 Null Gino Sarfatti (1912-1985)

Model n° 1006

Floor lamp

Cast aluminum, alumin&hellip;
------------------------------------------------------------
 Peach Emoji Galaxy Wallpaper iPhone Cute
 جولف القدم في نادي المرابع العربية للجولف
------------------------------------------------------------
Task | The required output is the stretch of entries above from the line containing "Peach Emoji Galaxy Wallpaper iPhone Cute" through the line containing "جولف القدم في نادي المرابع العربية للجولف", reproduced exactly.

Exercise output |
 Peach Emoji Galaxy Wallpaper iPhone Cute
 جولف القدم في نادي المرابع العربية للجولف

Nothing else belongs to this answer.